Ouvindo algumas das músicas inesquecíveis de Raul Seixas, acabei prestando mais
a atenção, sem me dar conta do porquê, numa das letras que dizia “levanta a sua mão
sedenta e recomeça a andar, não pensa que a cabeça agüenta se você parar”.
Este trecho catalisou em meus sentidos várias sensações e sofrimentos pelos quais
passa o povo brasileiro. Agora, com o auge da estação das chuvas, o preço dos
hortifrutigranjeiros sobe. Na estiagem climática, e, também, na greve dos caminhoneiros,
idem. Se existe um rumor no mercado de que algum membro do alto escalão do governo
prevaricou, há fuga preventiva de capitais especulativos na bolsa de valores, e o governo,
que precisava daquele dinheiro para pagar seus compromissos internacionais, tem de emitir
títulos e vendê-los no mercado pagando altos juros. Com isso, eleva-se a expectativa
inflacionária e os preços dos alimentos sobem.

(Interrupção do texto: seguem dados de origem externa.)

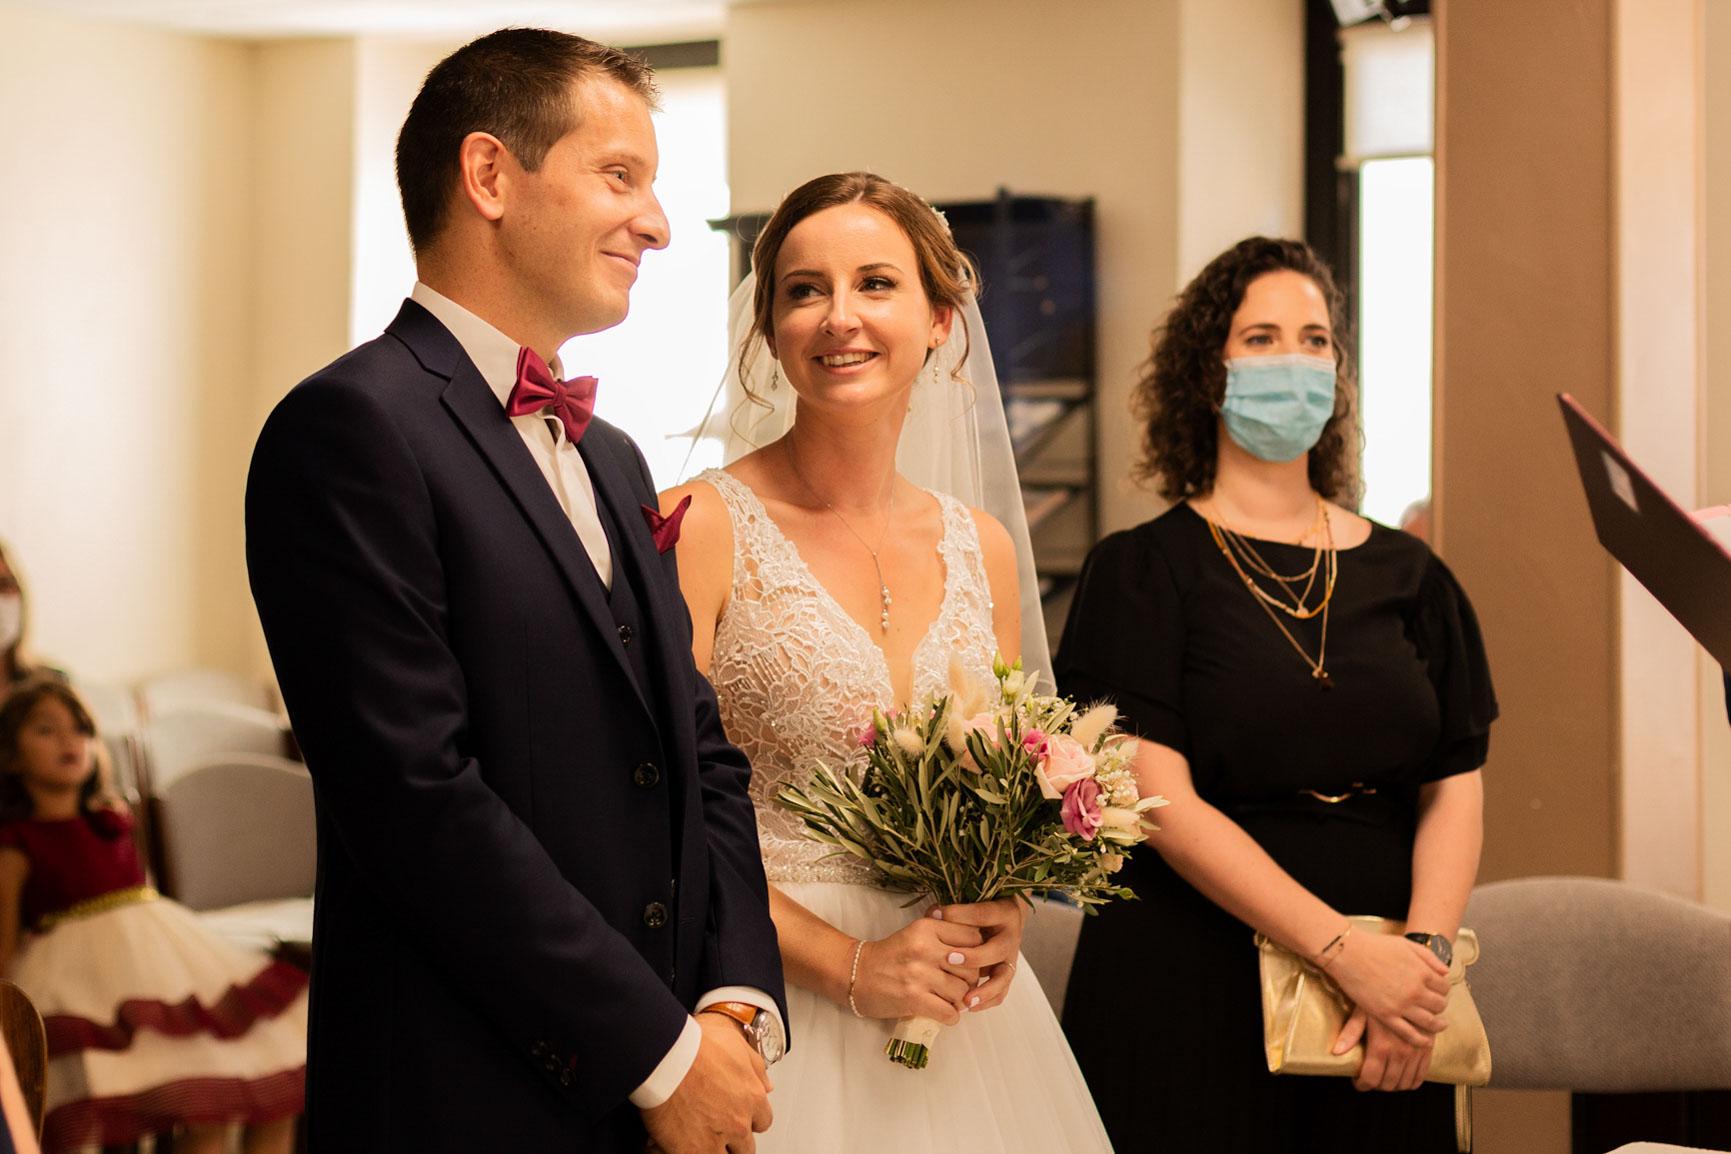 Couple Mariage La Fare-Les-Oliviers | Justine Maquart Photographe

Quem sente mais os efeitos desse jogo de sobe e desce dos preços é o assalariado.
Esse não tem para onde fugir. Acaba mesmo é pagando a conta.
Para compor esse ônus agressivo, de outro lado, todos os dias a guerra civil nas ruas
das grandes cidades aprisiona cada um de nós dentro de uma redoma de medo. Não
conseguimos mais sair para trabalhar ou passear sem disfarçar o receio de sermos
abordados no ponto de ônibus e ter o passe furtado, o carro, ou mesmo o par de tênis.
Dentro de nossas casas estamos gradativamente regredindo à condição social dos primatas.
Cada vez mais somos obrigados adaptar e construir residências tornando-as prisões de
segurança máxima. Contudo, assim, passamos a viver dentro de verdadeiras jaulas, e temos
de nos contentar em ficar olhando a rua do lado de dentro das grades da janela, dando
tchauzinho para a nossa vida civilizada que passa diante de nossos olhos sem fazer sentido
civilizado algum.
Os bairros residenciais se transformam lentamente em zoológicos da pós-
modernidade e nele, os animais expostos são os homens bem. Diante desse aviltamento de
nossa cidadania, tentamos acreditar na ideologia do Fome Zero, mas o que temos é uma
crescente tendência à liberdade zero.
O governo considera que o salário é renda e tributa excessivamente o já oprimido
assalariado. Os que têm emprego são usurpados pelo leão do imposto de renda. Os que
vivem na clandestinidade, trabalhando na economia informal, escapam do leão do imposto,
mas não deixam de ficar reféns, como todos, da marginalidade, que insiste em punir todo
mundo indiscriminadamente, retirando de nossa posse o pouco que esporadicamente
conseguimos acumular. No psiquismo do marginal parece reinar a idéia de que todos somos
culpados pelas privações que eles eventualmente passam em suas vidas. Eles se esquecem,
entretanto, de que todos somos farinha do mesmo saco. Nessa linha de raciocínio criminoso
eles, paradoxalmente, condenam, não o Estado, mas a sociedade civil, sem julgamento justo
e sentenciam todos – inclusive eles próprios - à morte.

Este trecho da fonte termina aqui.